# Exercise directions
Where the lines below hold images, skip those and copy every word exactly.

──────── Data block ────────

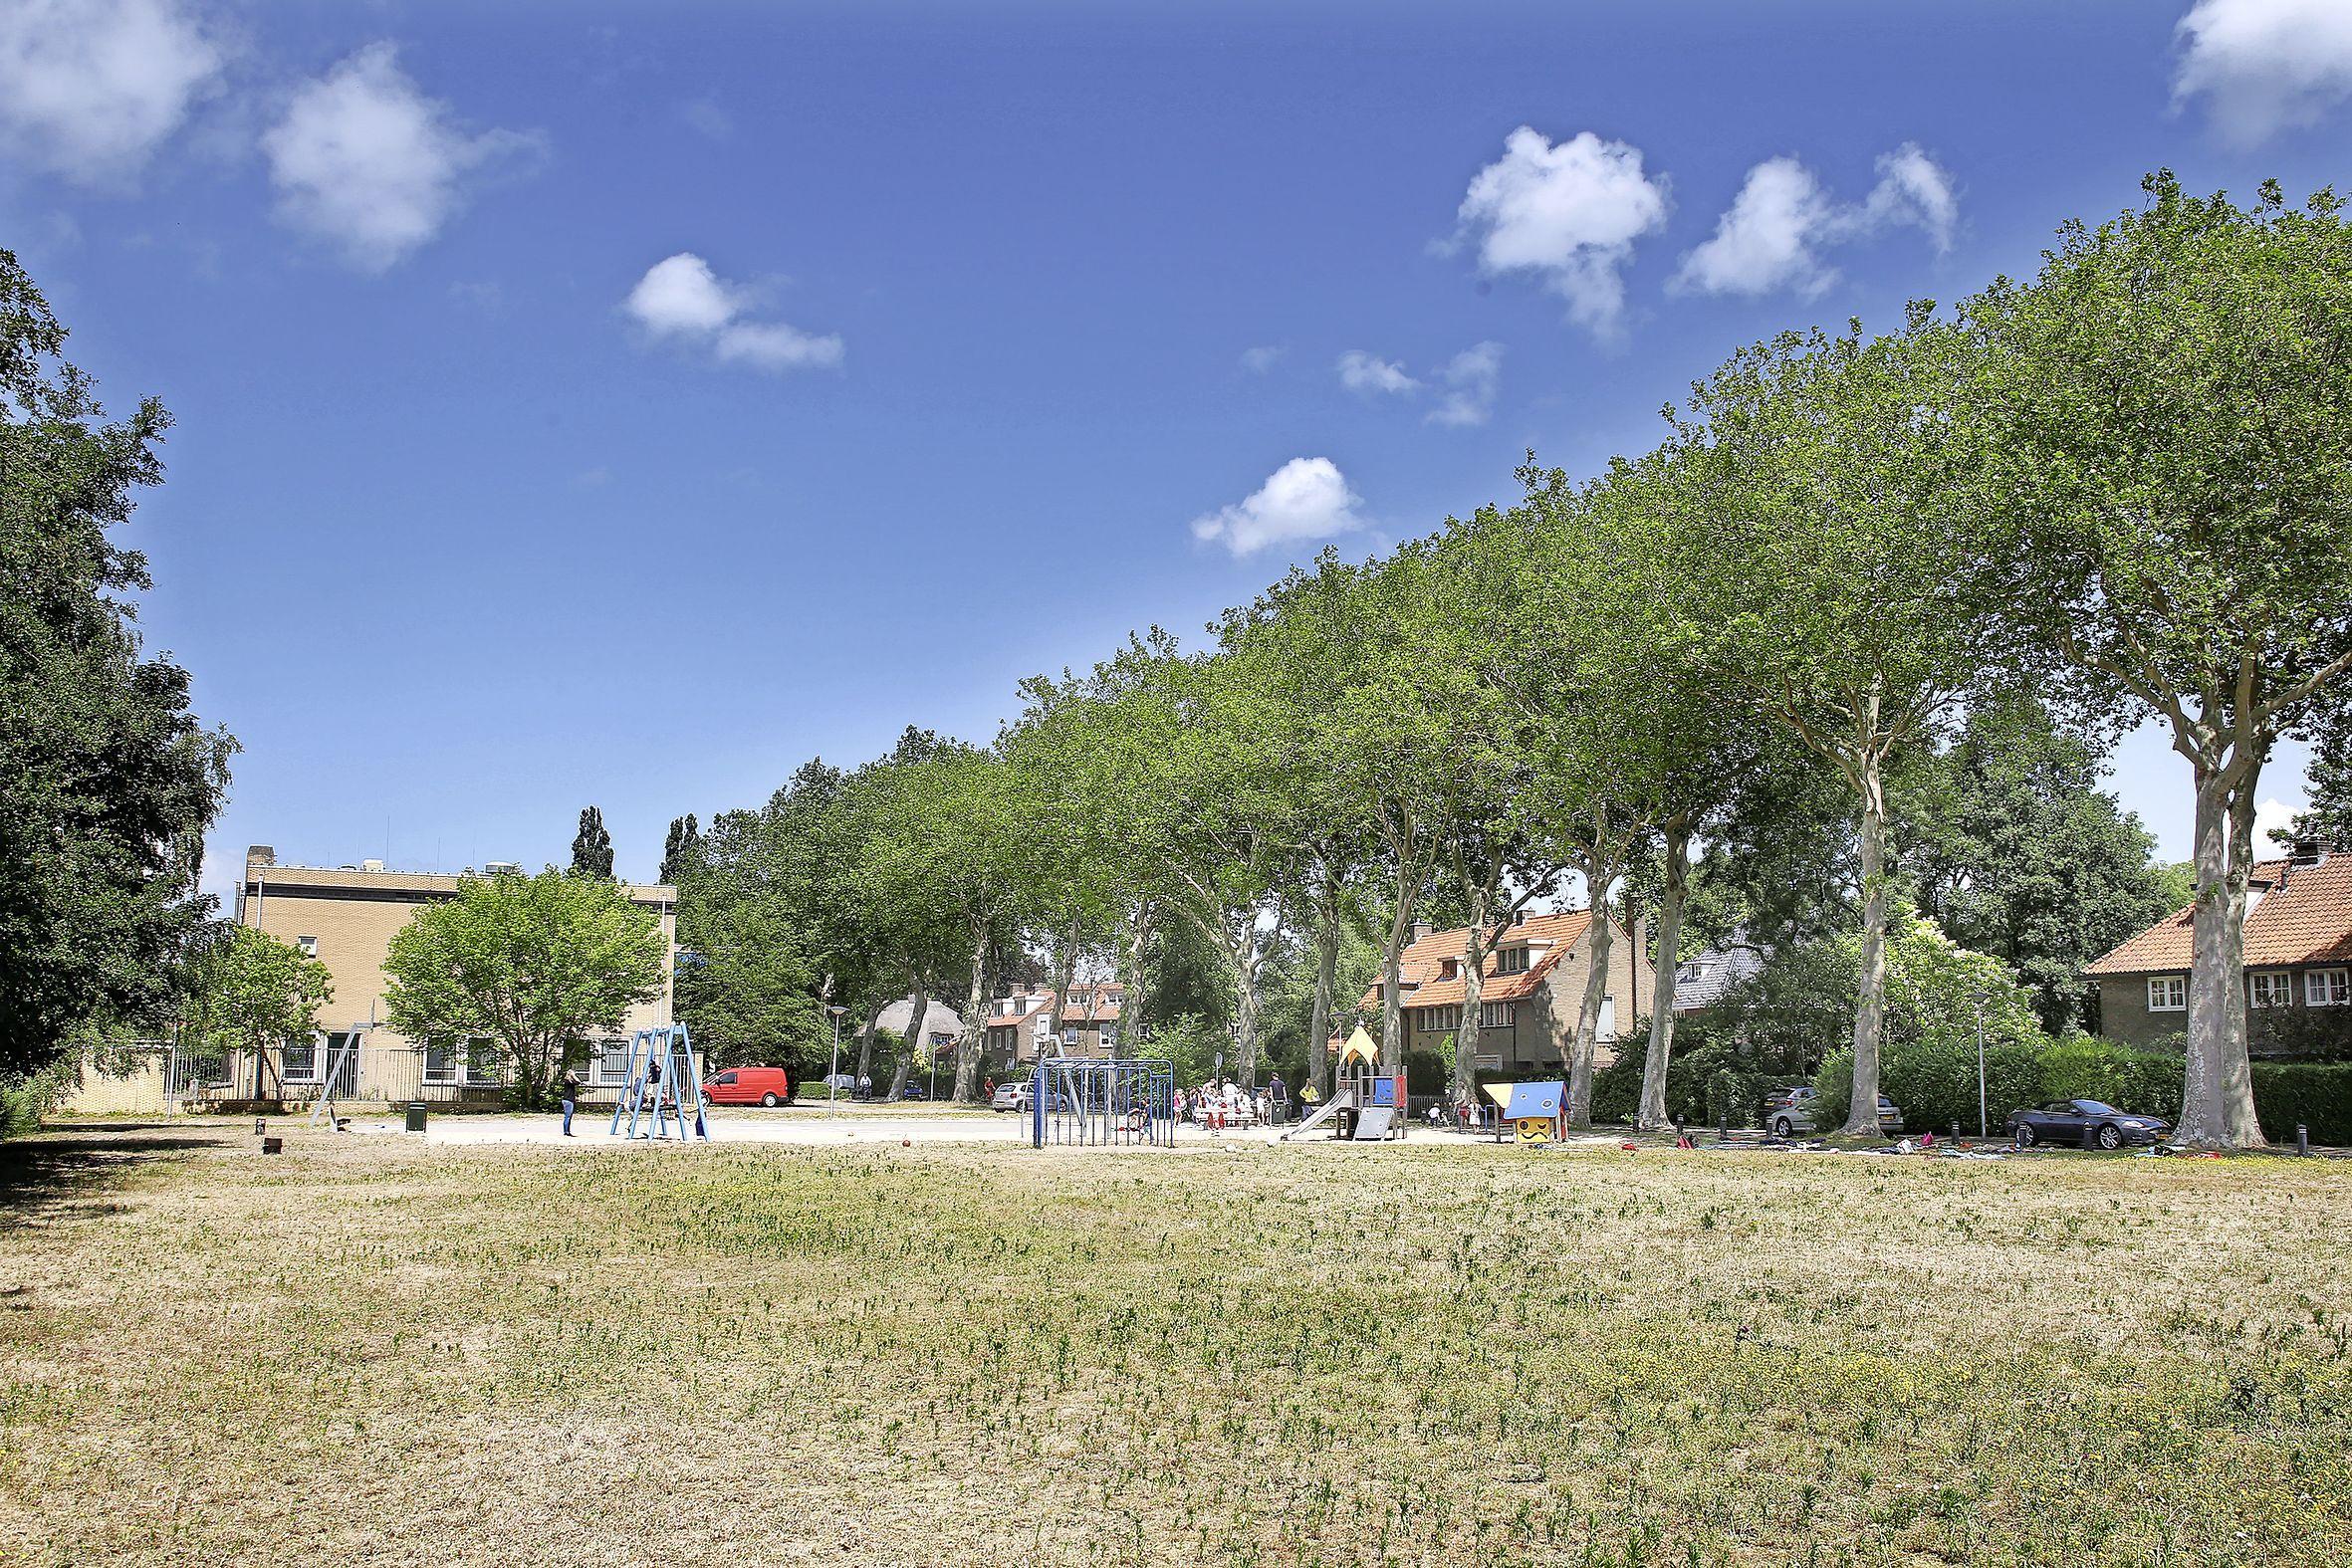 Bouw op speelveld Jan ter Gouwweg in Naarden kan beginnen. Buurt overweegt juridische stappen
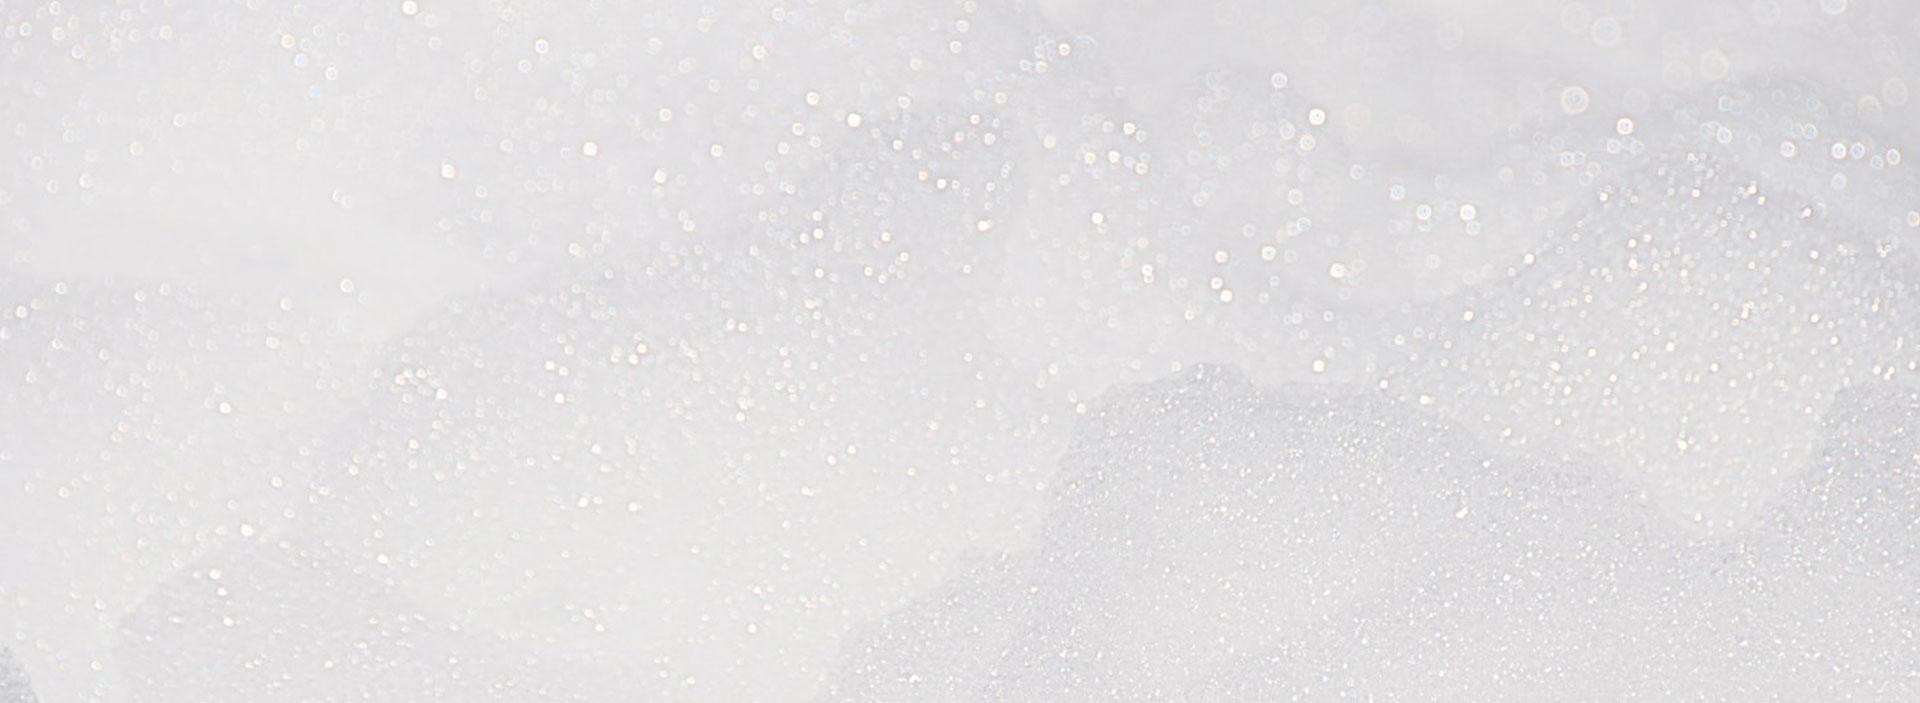 Mousse Foam Sprayer
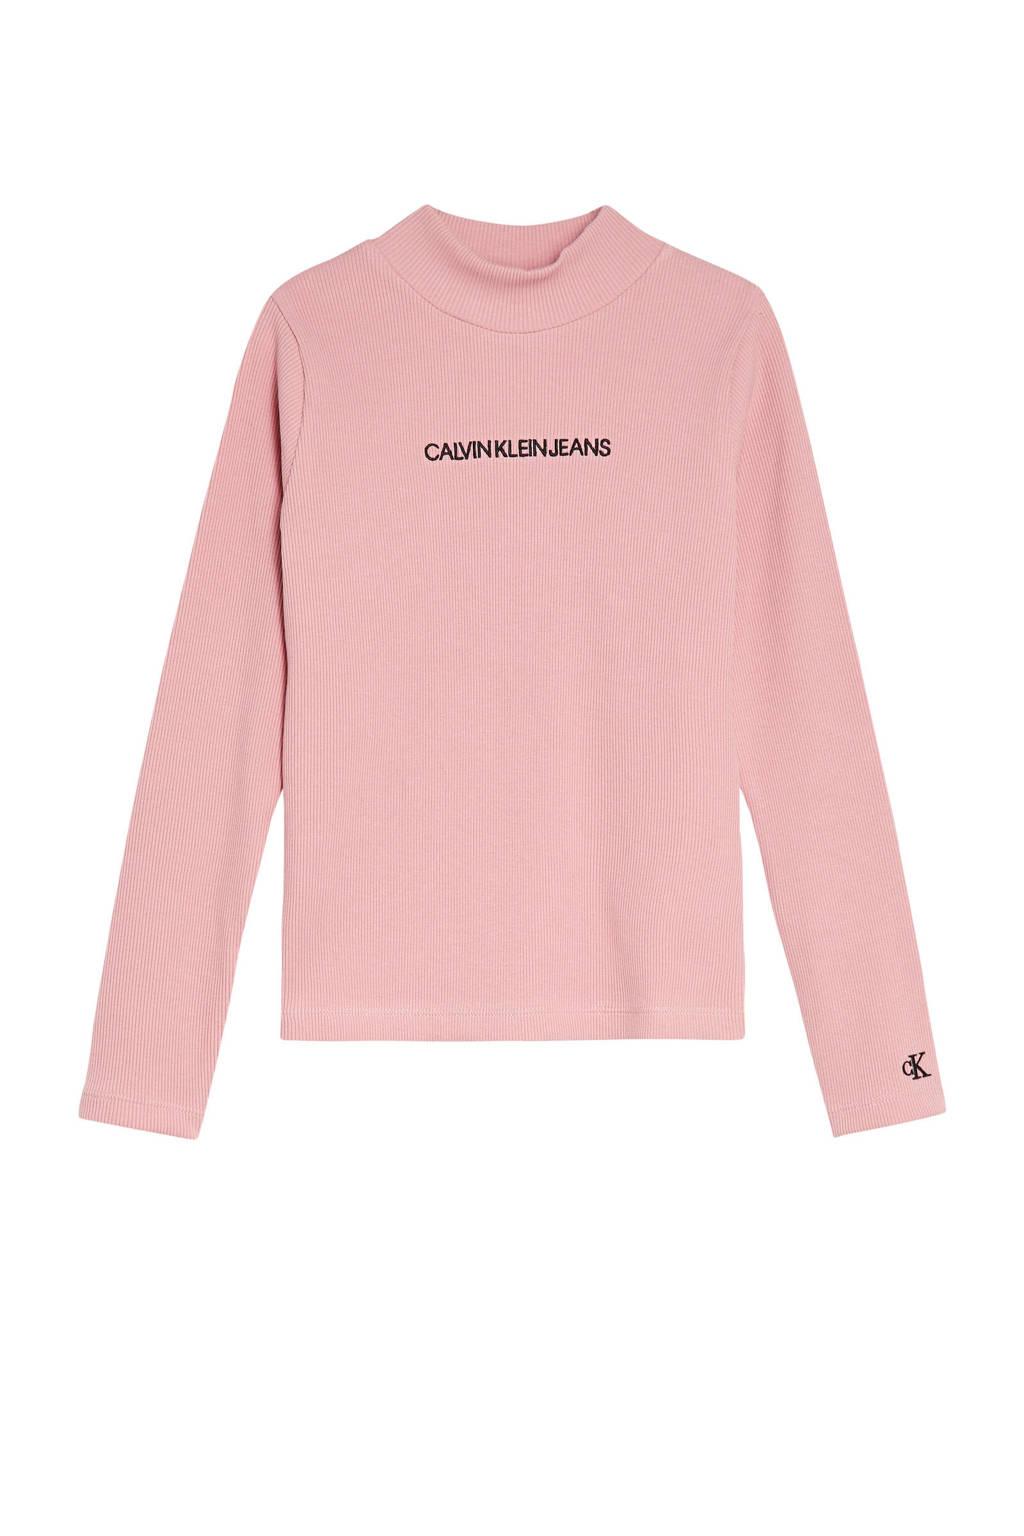 CALVIN KLEIN JEANS longsleeve met biologisch katoen roze/zwart, Roze/zwart

────────

# Answer to this task
 Bouw op speelveld Jan ter Gouwweg in Naarden kan beginnen. Buurt overweegt juridische stappen
 Mousse Foam Sprayer
 CALVIN KLEIN JEANS longsleeve met biologisch katoen roze/zwart, Roze/zwart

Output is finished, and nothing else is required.